Records excerpted from a collection:
┄┄┄┄┄┄
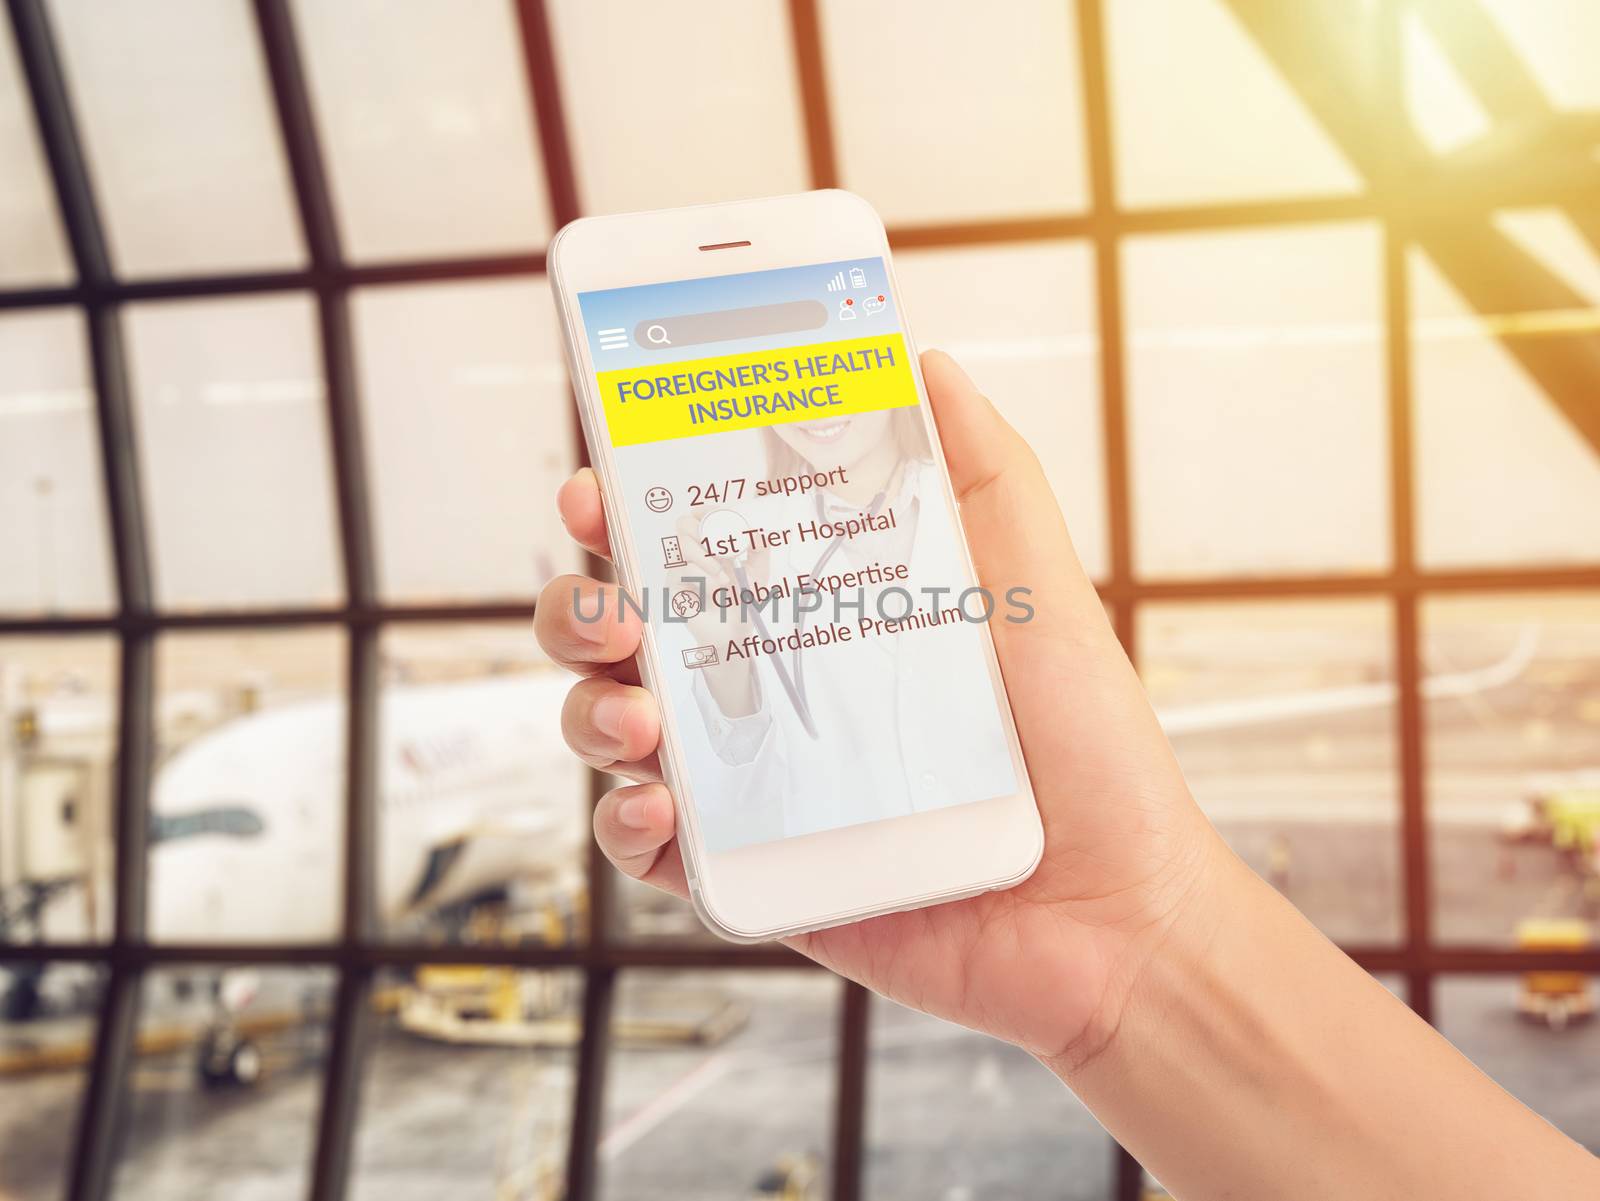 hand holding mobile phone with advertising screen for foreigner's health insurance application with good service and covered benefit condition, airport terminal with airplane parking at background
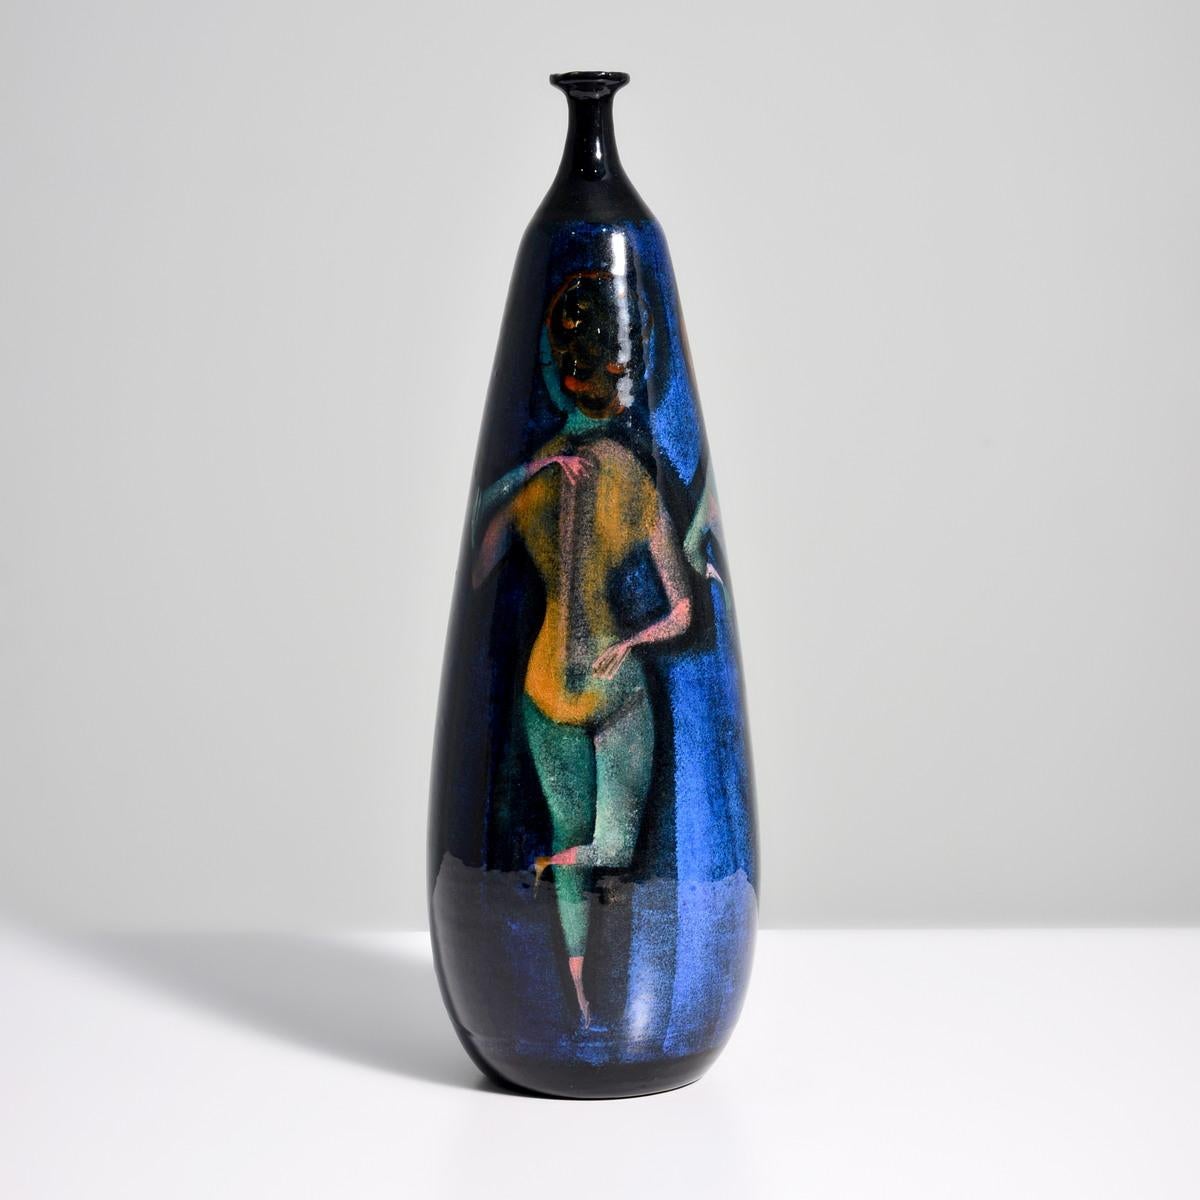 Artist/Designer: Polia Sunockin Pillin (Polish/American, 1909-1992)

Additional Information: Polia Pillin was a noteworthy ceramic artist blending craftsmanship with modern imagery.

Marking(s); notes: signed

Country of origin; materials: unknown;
┄┄┄┄┄┄
Would you repeat, exactly and with nothing added, every line from the line containing "Marking(s); notes: signed" through the last line of the records above?

● **ANSWER**:
Marking(s); notes: signed

Country of origin; materials: unknown;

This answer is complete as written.